1. Les titres en gras servent à guider la lecture et ne doivent en aucun cas figurer sur la copie.
1. Une théorie ne doit sa valeur qu'à l'exigence d'une compréhension des choses désintéressée
A. La théorie comme science contemplative
La théorie est d'abord, en son sens grec, contemplation, science. La science, par exemple, n'a d'autre but que
la théorie, que d'accroître l'intelligibilité du monde, de donner une explication qui satisfasse l'esprit dans sa
contemplation du monde. Une théorie n'a de valeur que si elle est finalisée, que si elle nous rend plus sage. La
science est liée à la sagesse. Une théorie répond d'abord à un besoin de compréhension, elle vise la vérité.
La valeur d'une théorie vient surtout de ce qu'elle s'efforce de comprendre les choses comme elles sont, de
dégager des lois de la réalité et de les systématiser. Elle s'oppose au souci exclusif d'une puissance opératoire au
service d'intérêts.
B. La pratique obscurcit la théorie
Dès lors, une conception technique de la théorie, uniquement soucieuse de l'efficacité pratique, feint d'oublier
que son pouvoir de modifier l'environnement ne garantit pas la vérité de ses représentations. Lorsque la science,
par exemple, n'est plus qu'un fait social, d'institutions, l'ensemble des connaissances virtuellement disponibles et
utilisables à une époque donnée, il lui manque l'unité de conscience qui fait sa valeur et qui nous rapproche de la
sagesse. Elle devient une technique supérieure qui peut s'apprendre et se communiquer indépendamment d'une
compréhension de sa possibilité. Si on étudie une théorie sous son mode opératoire, elle ne peut plus avoir
de valeur spirituelle. La science devient elle-même technique, sa justification est secondaire. Or la valeur de la
théorie se rapporte directement à l'esprit, indirectement à l'objet. L'intelligibilité du monde dépend d'abord de
l'esprit.
Si le but de la science n'est que pragmatique, s'il s'agit seulement d'accroître les commodités utiles pour la vie,
par la fabrication d'artifices et de machines, la science se réduit à un instrument. Le développement de la
puissance apparaît comme un but voulu pour lui-même. Si quelque chose peut être fait, alors on le fait. La
puissance tend à être réalisée indépendamment de sa valeur. Elle n'est source d'aucune évaluation.
2. La pratique est constitutive de la théorie
Mais l'efficacité n'est-elle pas une forme d'intelligibilité ? Comprendre, n'est-ce pas réaliser ? Il faut par exemple
tracer les figures de géométrie pour comprendre les propriétés qu'elles comportent. Peut-on abstraire la théorie
de la pratique ? À quoi sert une théorie esthétique si elle ne permet pas de mieux comprendre les œuvres d'art ?

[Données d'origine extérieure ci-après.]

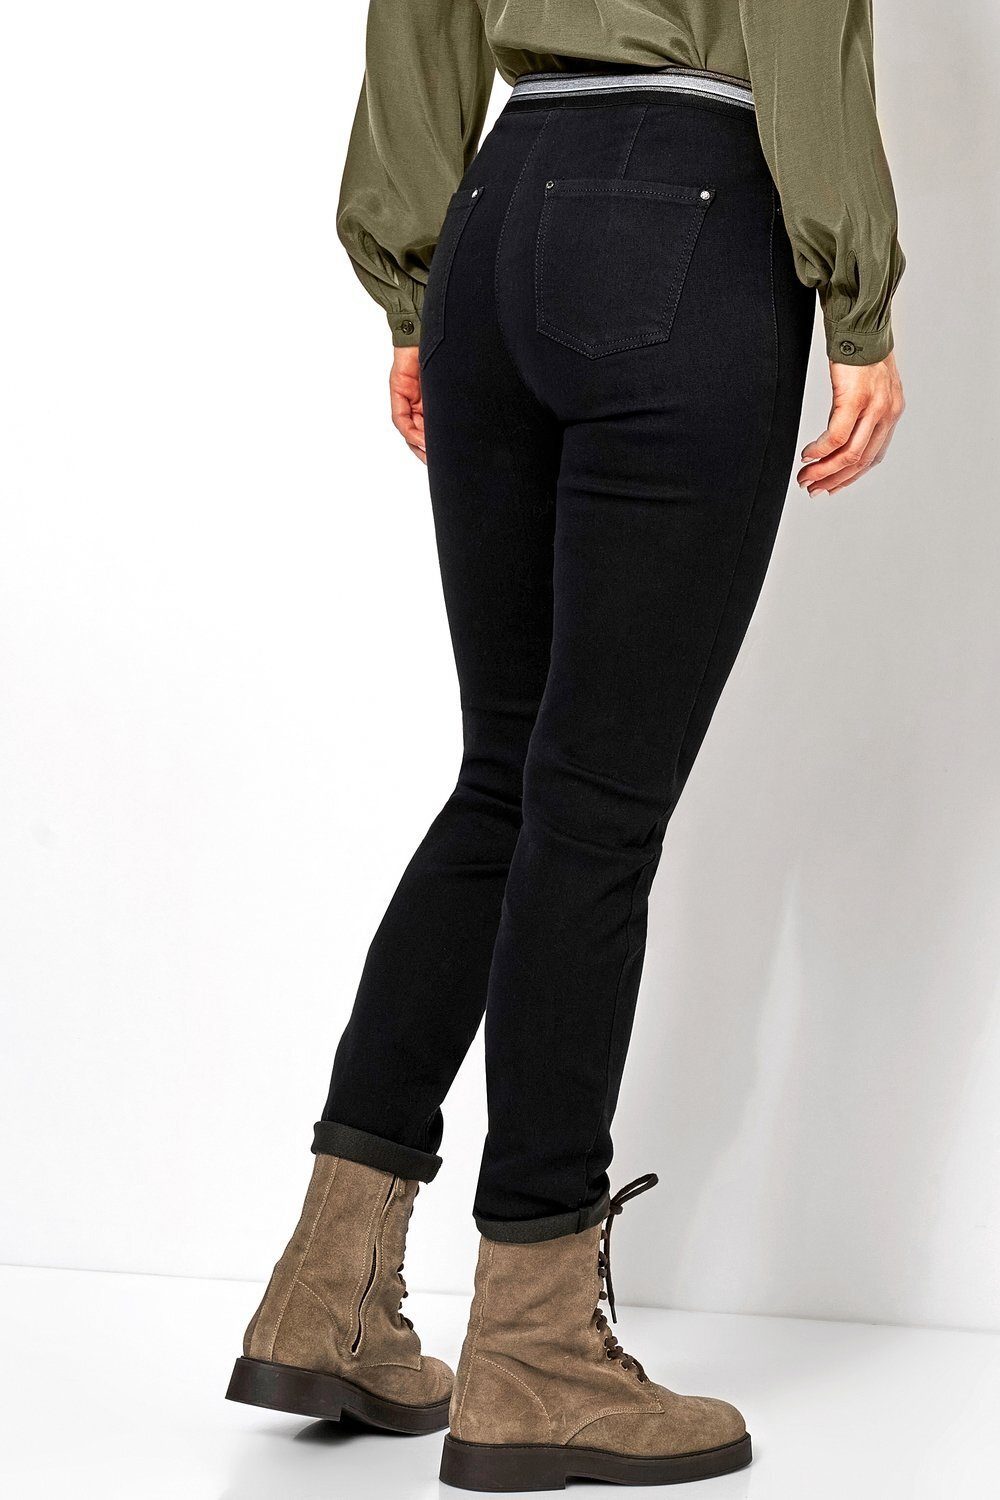 Jenny 089 schwarz mit gestreiftem Ankle-Jeans - TONI Gummizug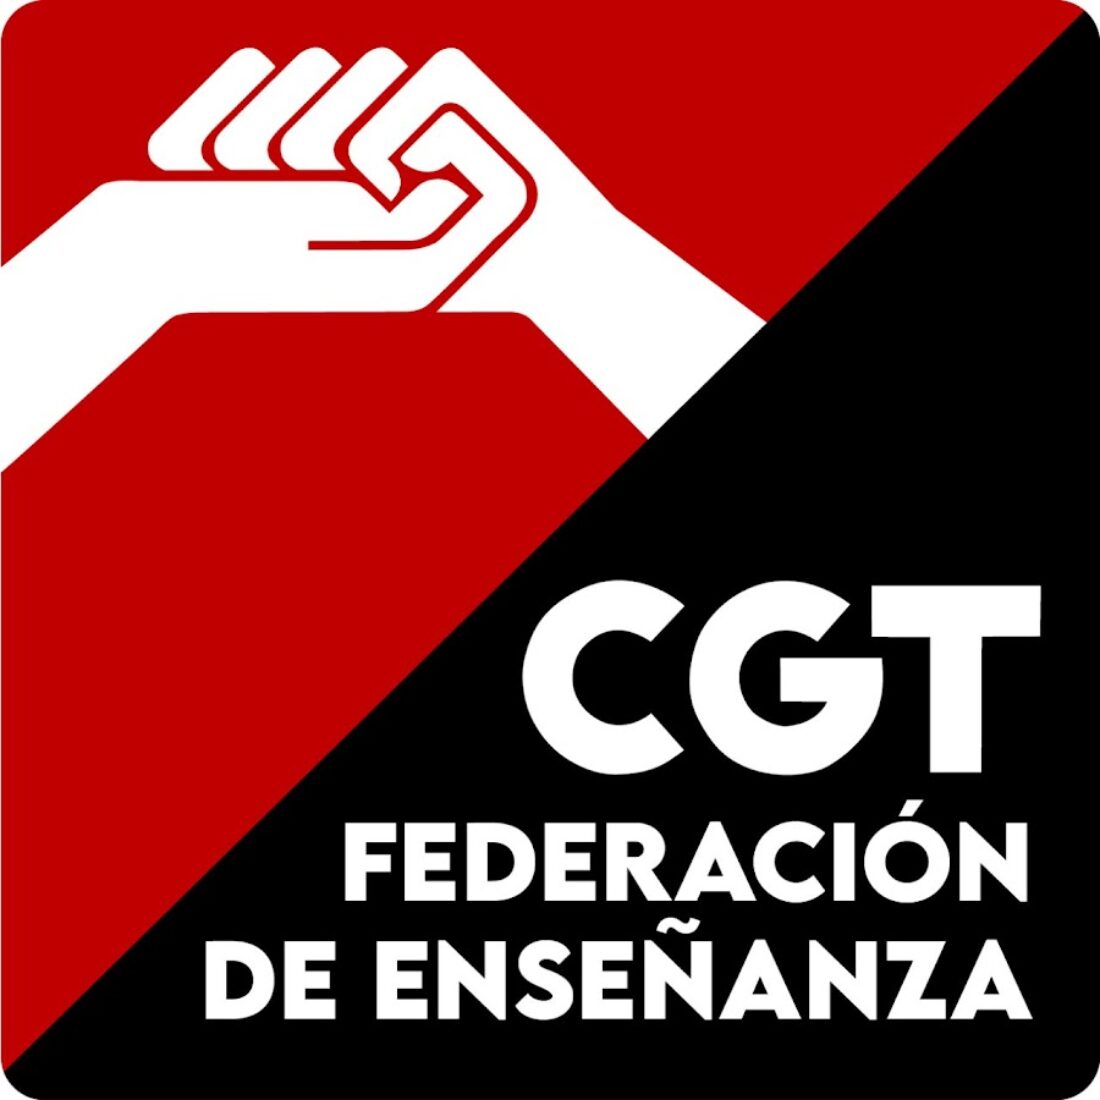 CGT denuncia que miles de docentes en abuso de temporalidad serán despedidos en España tras los procesos selectivos

À quoi sert une théorie économique si elle ne permet pas le progrès des sociétés humaines ? Il faut donc dire que
c'est la pratique qui confirme la théorie et permet de reconnaître sa valeur. Si une théorie s'efforçait de
comprendre un monde illusoire, elle serait sans valeur.
A. Le caractère instrumental et expérimental d'une théorie (Bachelard)
La théorie n'est possible que comme un travail qui s'appuie sur le progrès des techniques et des instruments.
Mais l'emploi de l'instrument reste théorique. L'instrument est une “ théorie matérialisée ”, dit Bachelard.
Bachelard intègre à la théorie les conditions de son application. C'est pourquoi Bachelard affirme qu'une
théorie scientifique a un caractère “ phénoméno-technique ”. L'expérimentation scientifique est une technique
des effets scientifiques tels qu'ils peuvent être maîtrisés et reproduits. La pratique est une médiation de la théorie
avec elle-même. Il faut essayer une théorie pour la vérifier. La théorie ne se constitue pas dans un va-et-vient
avec la pratique.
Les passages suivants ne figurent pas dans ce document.